Corona UltraFast™ production roller covers are painter favorites for their speed of coverage, clean up, and durability. The UltraFast’s High-Density Polyamide fabric, with its feathered, bristle-like tips, picks up and releases paint like no other. It cleans much faster and easier than other synthetics. It is the closest a synthetic fabric has come to natural lambswool, yet with consistent, efficient performance and durability.
“They release the paint more efficiently,” said Corona president Ben Waksman. “They work like a lambskin but are much more durable and consistent. They prove especially effective as production tools in the 1/2˝ and 3/4˝ naps.” The Corona UltraFast™ is available in a full series of naps from 3/8˝ to 1˝, and lengths from 3˝ to 18˝, as well as ReeechIt™ mini-cover versions.
“ArroWorthy introduced its new Professional Handcrafted Oro brush series featuring our own proprietary Chylyn filament,” says company VP Roland Kolilias.
“The acceptance from the user has been fantastic. The Oro brush delivers the level of consistency in paint pick-up and finish that painters are looking for in a professional brush as they switch from one coating to another. Also, it cleans-out easily.”
In 1985, Wooster unveiled a new synthetic brush unlike any other on the market. Its shorter filaments offered more efficient paint coverage and better cut-in control. Fast-forward more than 30 years, and Wooster Ultra/Pro® Firm paintbrushes are still one of the most successful and imitated brushes on the market.
Even with all the changes in coatings over the last three decades—the introduction of higher solids, reduced drying times, and low (or no) odor paints—the original Ultra/Pro filament blend remains a favorite. This speaks to how Ultra/Pro brushes, like so many Wooster innovations, are far ahead of their time. In fact, the only way that the brushes have changed in 30+ years is by incorporating improved tipping processes to reduce drag. Over 35 different SKUs of Ultra/Pro Firm paintbrushes are available from The Wooster Brush Company.
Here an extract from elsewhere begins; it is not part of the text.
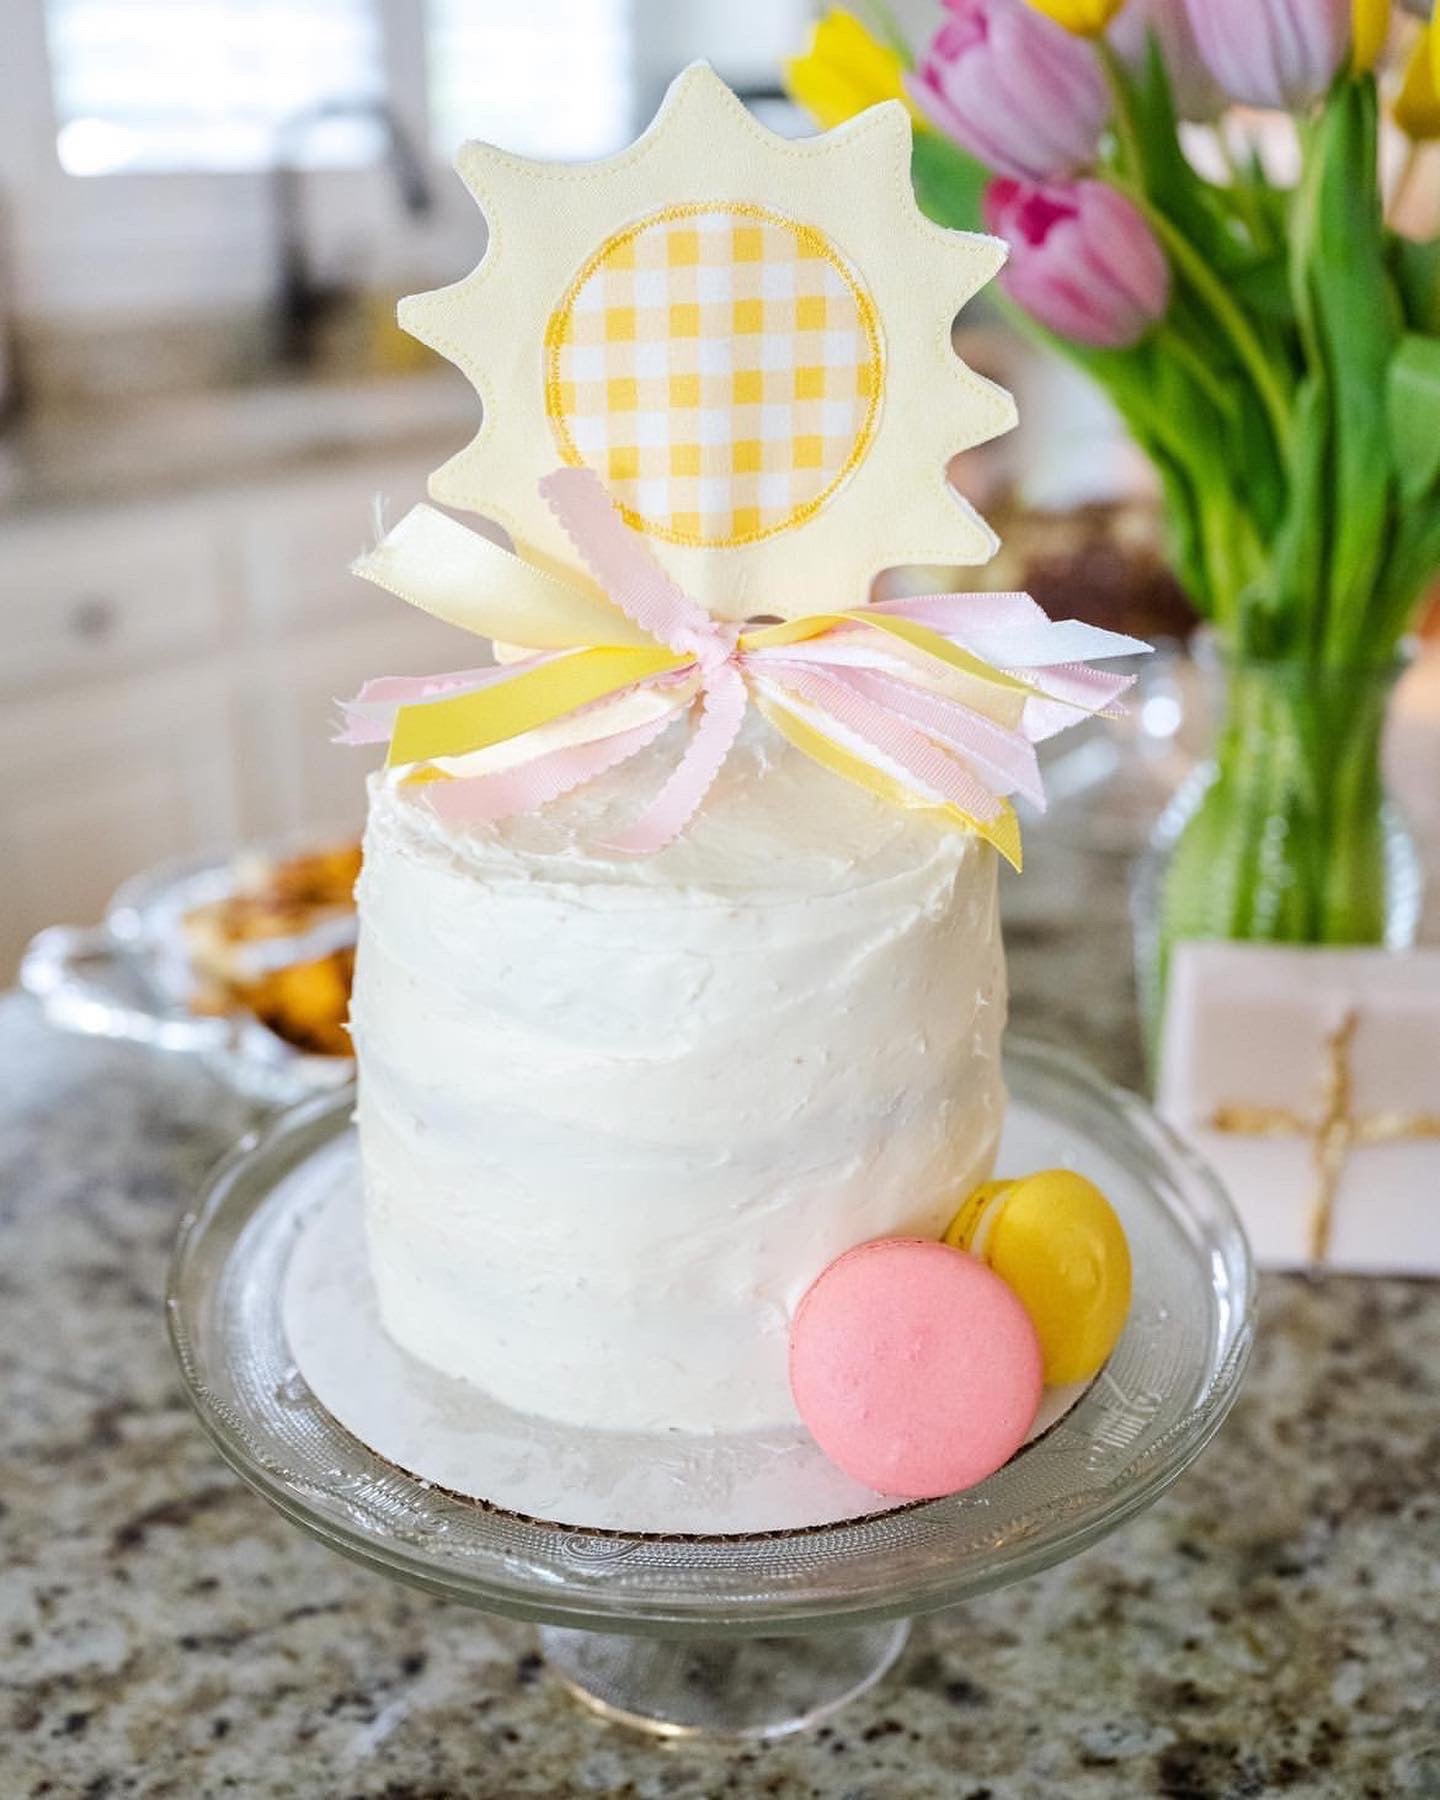 Sunshine birthday cake | Jenny Wenny | Flickr

Lindar Corp. recently released PAINTWELL—paint trays and tray liners designed for pros and do-it-yourselfers. “The Paintwell difference is the innovative, thermoformed design,” said Dave Fosse, director of marketing at Lindar. “With Paintwell trays and liners used together, the paint is evenly distributed over the roller on the tray’s ramp surface, creating better paint coverage and saving time.”
The trays and liners come in 9.5˝ and 18˝ and are made from durable and solvent resistant recycled RPET material. A Drip Guard feature reduces spills; liners will fit nearly every paint tray on today’s market. Products are ergonomically formed to be even easier to handle and maneuver. “Our team has the knowledge to customize plastic paint tray liners to precisely fit our customers’ unique needs—any shape, any size,” Fosse said.